Identification of a genomic DNA sequence that quantitatively modulates KLF1 transcription factor expression in differentiating human hematopoietic cells

The onset of erythropoiesis is under strict developmental control, with direct and indirect inputs influencing its derivation from the hematopoietic stem cell. A major regulator of this transition is KLF1/EKLF, a zinc finger transcription factor that plays a global role in all aspects of erythropoiesis. Here, we have identified a short, conserved enhancer element in KLF1 intron 1 that is important for establishing optimal levels of KLF1 in mouse and human cells. Chromatin accessibility of this site exhibits cell-type specificity and is under developmental control during the differentiation of human CD34+ cells towards the erythroid lineage. This site binds GATA1, SMAD1, TAL1, and ETV6. In vivo editing of this region in cell lines and primary cells reduces KLF1 expression quantitatively. However, we find that, similar to observations seen in pedigrees of families with KLF1 mutations, downstream effects are variable, suggesting that the global architecture of the site is buffered towards keeping the KLF1 genetic region in an active state. We propose that modification of intron 1 in both alleles is not equivalent to complete loss of function of one allele. Overall design: We performed RNA seq on triplicate samples derived from the larger dual guide-edited or control CD34+ cells isolated at the end of the differentiation protocol.

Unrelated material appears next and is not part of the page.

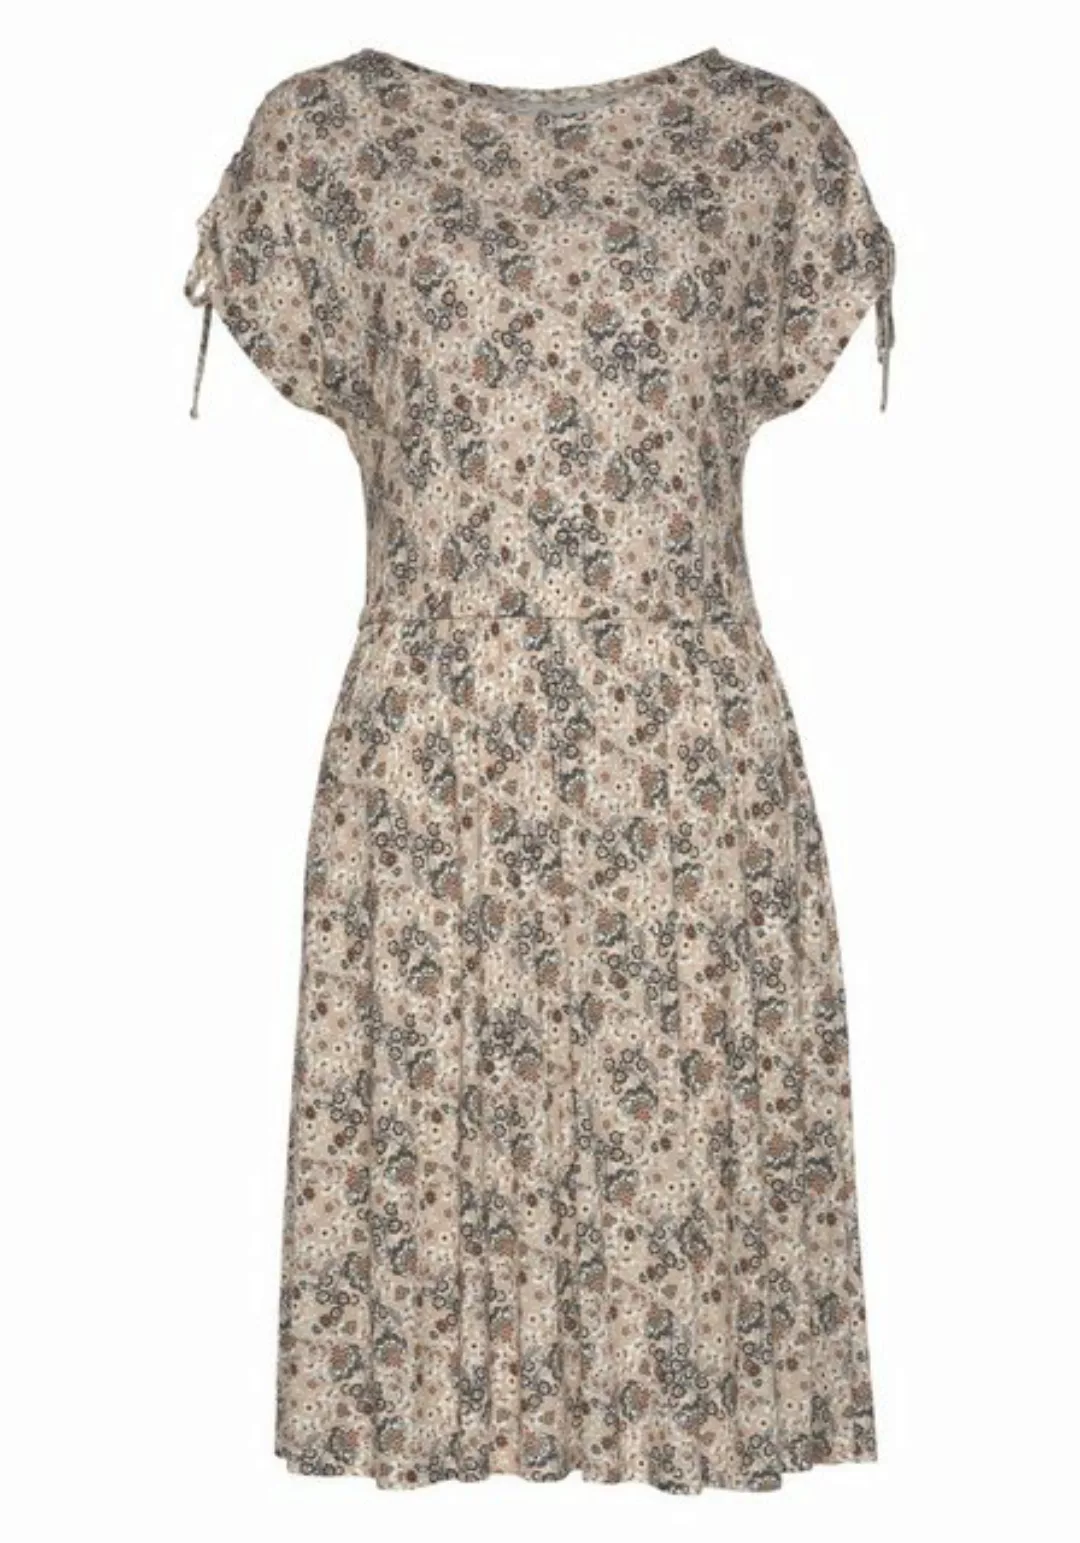 Vivance Jerseykleid mit Blümchendruck, lockeres Sommerkleid, Strandkleid günstig online kaufen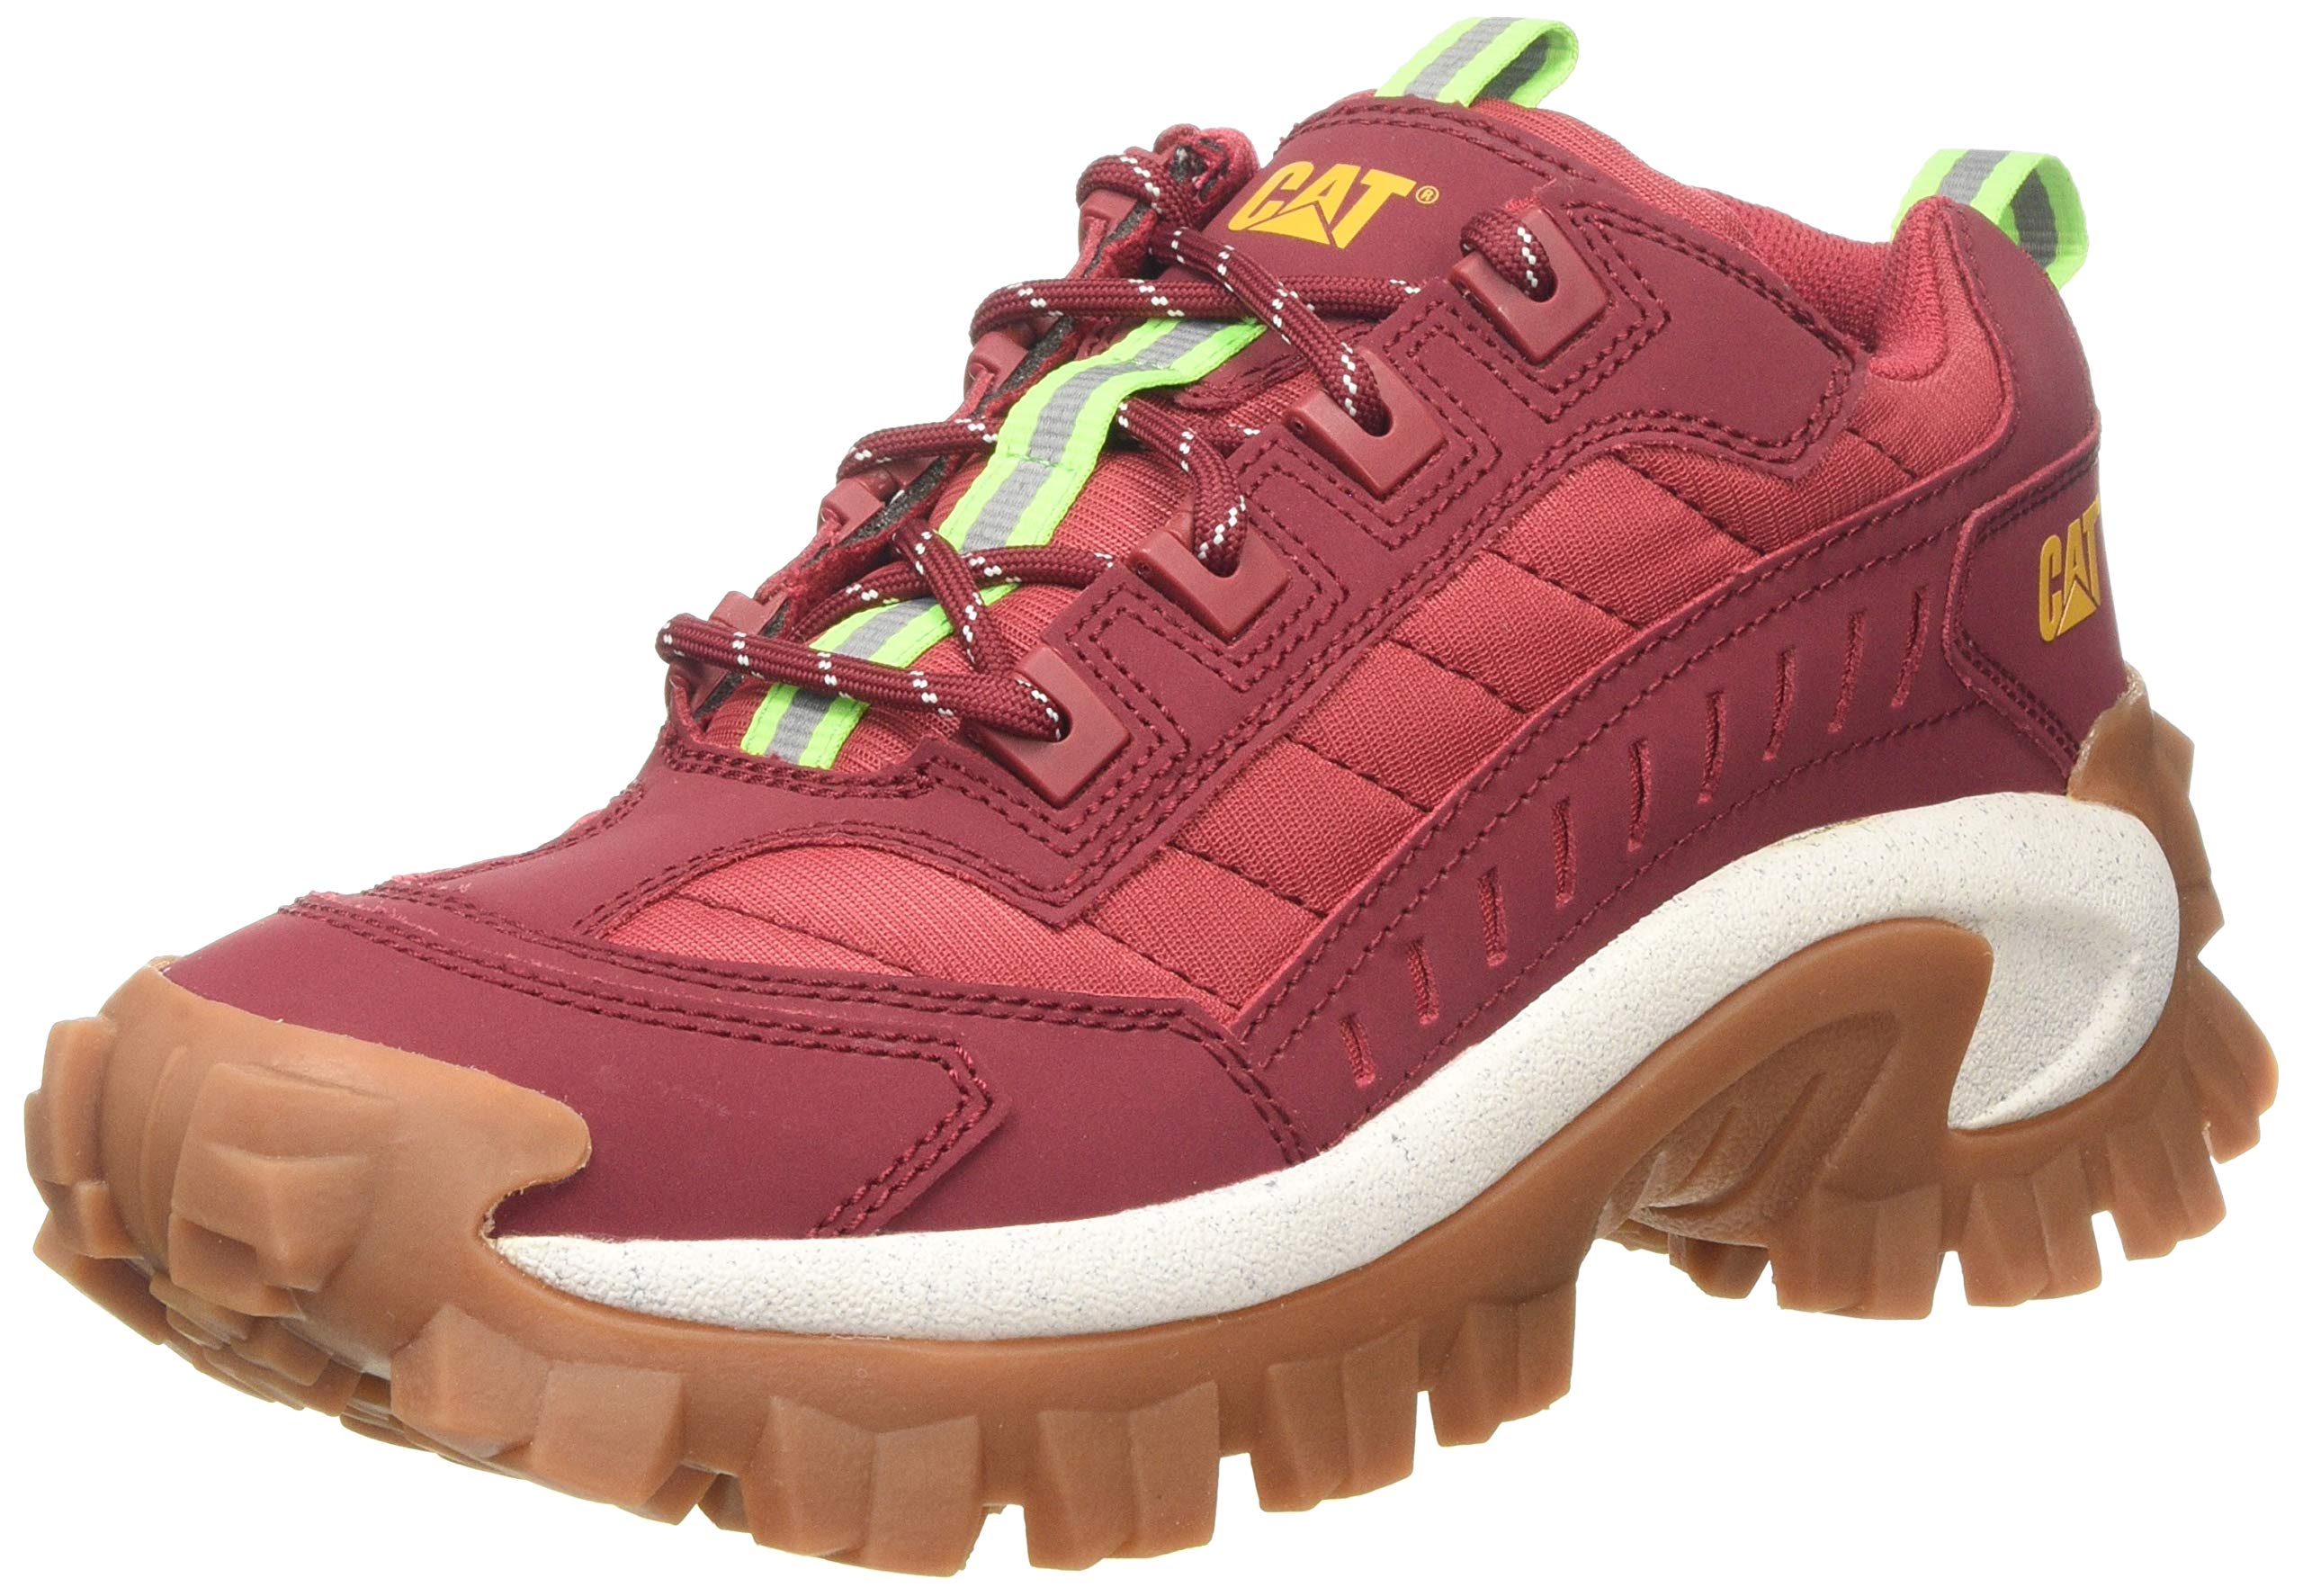 Caterpillar Unisex-Erwachsene Intruder Sneaker, Gr. 38 EU (4 UK), Rot

红细胞生成（erythropoiesis）的启动受到严格的发育调控，其由造血干细胞（hematopoietic stem cell）分化产生的过程受直接与间接因素共同调控。调控这一转变的核心因子为KLF1/EKLF，一种在红细胞生成所有环节中发挥全局调控作用的锌指转录因子（zinc finger transcription factor）。本研究在KLF1内含子1中鉴定出一段短小且保守的增强子元件（enhancer element），该元件对维持小鼠与人类细胞中KLF1的最优表达水平至关重要。该位点的染色质可及性（chromatin accessibility）具有细胞类型特异性，并在人类CD34+细胞向红系谱系（erythroid lineage）分化过程中受发育调控。该位点可结合GATA1、SMAD1、TAL1及ETV6。在细胞系与原代细胞中对该区域进行体内编辑，可定量降低KLF1的表达水平。然而本研究发现，与携带KLF1突变的家族谱系中观察到的现象类似，其下游效应存在异质性，这提示该位点的全局结构存在缓冲机制，以维持KLF1基因区域处于激活状态。我们提出，对两个等位基因的内含子1进行修饰，并不等同于单等位基因功能完全丧失。总体实验设计：本研究对分化方案结束时分离得到的双向导编辑组与对照组CD34+细胞的三份重复样本开展了RNA测序（RNA-seq）。